The work experience classes allow a student to receive one to four units for working in a job related to the student’s particular field of study. Students enroll through the regular class registration process. A teacher supervises these students, confers with their on-the-job supervisors, and gives them a final grade. The teachers are paid a stipend, up to three hours per student. As a matter of practice, the District does not count a teacher’s work experience assignments in calculating either a full-time or 60 percent temporary teacher’s load.
3. Appellant’s petition for writ of mandate and this appeal.
On June 21, 2000, appellant filed a petition for writ of mandate with the superior court to compel the District to reclassify her as a contract or regular employee on the grounds that her work experience assignments, when coupled with her teaching load, caused her to exceed 60 percent of full-time, triggering her eligibility for tenure pursuant to sections 87482, 4 87482.5, and 87604. 5
In its minute order denying appellant’s writ of mandate, the trial court cited Balasubramanian, deciding: “That case states that under Education Code Section 87482.5, any person who is employed to teach community college classes for not more than 60 percent of the hours per week considered a full-time assignment shall be classified as a temporary employee under section 87604. Nothing in section 87482.5 says that a temporary employee who exceeds the 60 percent limit MUST be reclassified as a contract employee.” The trial court did not reach the second issue presented by appellant’s writ, which is whether her work experience assignments caused her to exceed 60 percent of full-time.
Upon petition, we allowed Community College Council of the California Federation of Teachers, the Peralta Federation of Teachers, AFT Local 1603, CFT/AFT, AFL-CIO, and the Faculty Association of the California Community Colleges to file a joint amici curiae brief on appellant’s behalf.
Questions Presented
1. Is a temporary community college teacher entitled to reclassification upon exceeding 60 percent of full-time?
2. Did appellant’s work experience assignments in fact cause her to exceed 60 percent of full-time?
Standard of Review
“In reviewing a trial court’s judgment on a petition for writ of ordinary mandate, we apply the substantial evidence test to the trial court’s factual findings. However, we exercise our independent judgment on legal issues.”
(Kreeft
v.
City of Oakland
(1998)
Discussion
1. Reclassification by operation of law.
Whether a temporary community college teacher who exceeds 60 percent of full-time is entitled to reclassification is a legal issue. Therefore, we exercise our independent judgment.

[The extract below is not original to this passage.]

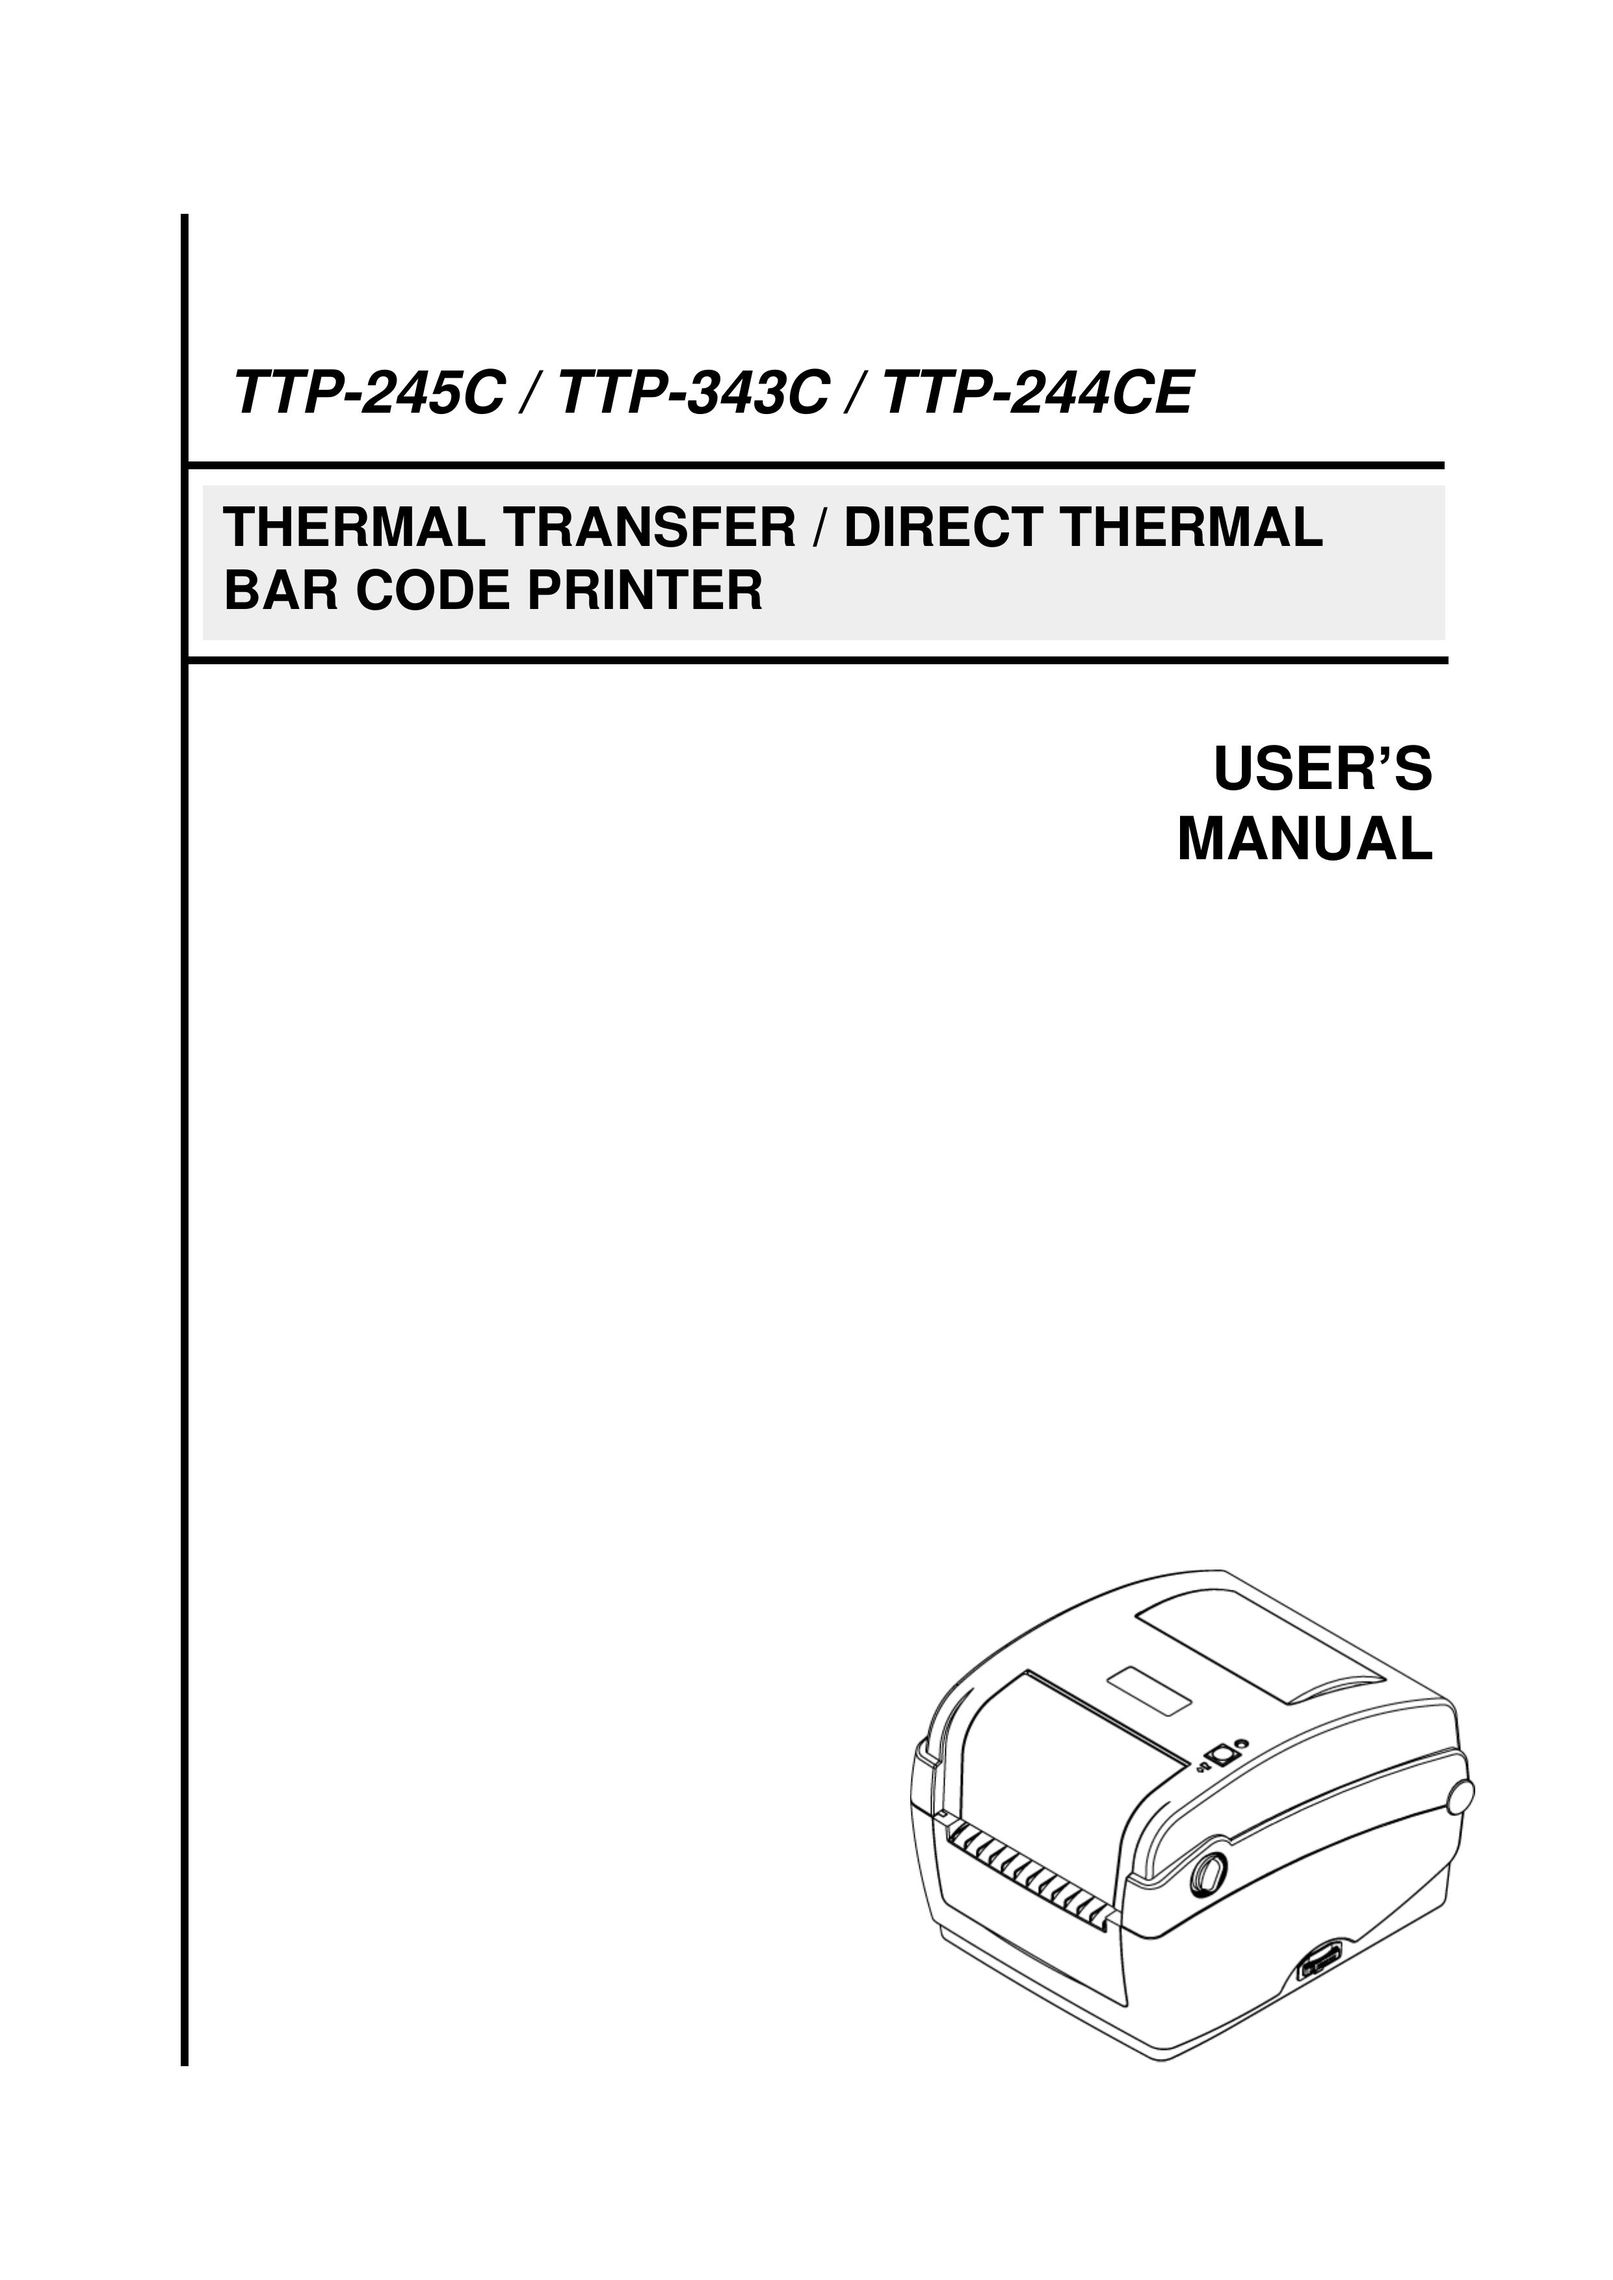 The Speaker Company TTP-245C Printer User Manual

In broaching this issue, we are confronted with a split of authority. While
Balasubramanian
holds that a temporary employee who exceeds 60 percent of full-time is not entitled to automatic reclassification
(Balasubramanian, supra,
The District urges us to reject Kalina, and to follow the lead of the Fourth District in Balasubramanian. First, the District contends that Balasumbramian considered and correctly applied the applicable precedents and statutes. Second, the District maintains that the cases cited by appellant (and, ostensibly, the amici curiae parties) are no longer controlling because they predate the 1988 statutory changes to the Education Code. Third, the District argues that Kalina is distinguishable because the teacher in that case was employed full-time or virtually full-time.
We are not persuaded by the District’s arguments, and conclude that Kalina was properly decided. For reasons we discuss below, we hold that a temporary community college teacher who exceeds 60 percent of full-time is entitled to reclassification by operation of law.
a. Kalina, not Balasubramanian, is consistent with the applicable law.
The Education Code governs the rights and classification of a community college teacher. “The governing board of a community college district shall employ each academic employee as a contract employee, regular employee, or temporary employee.” (§ 87604.) A contract employee is probationary,
and a regular employee is permanent. (§ 87602.) While a community college may terminate a temporary employee at its discretion (§ 87665), a contract or regular employee may be terminated only for statutorily specified cause (§ 87732), and only after being provided with notice and a hearing before termination.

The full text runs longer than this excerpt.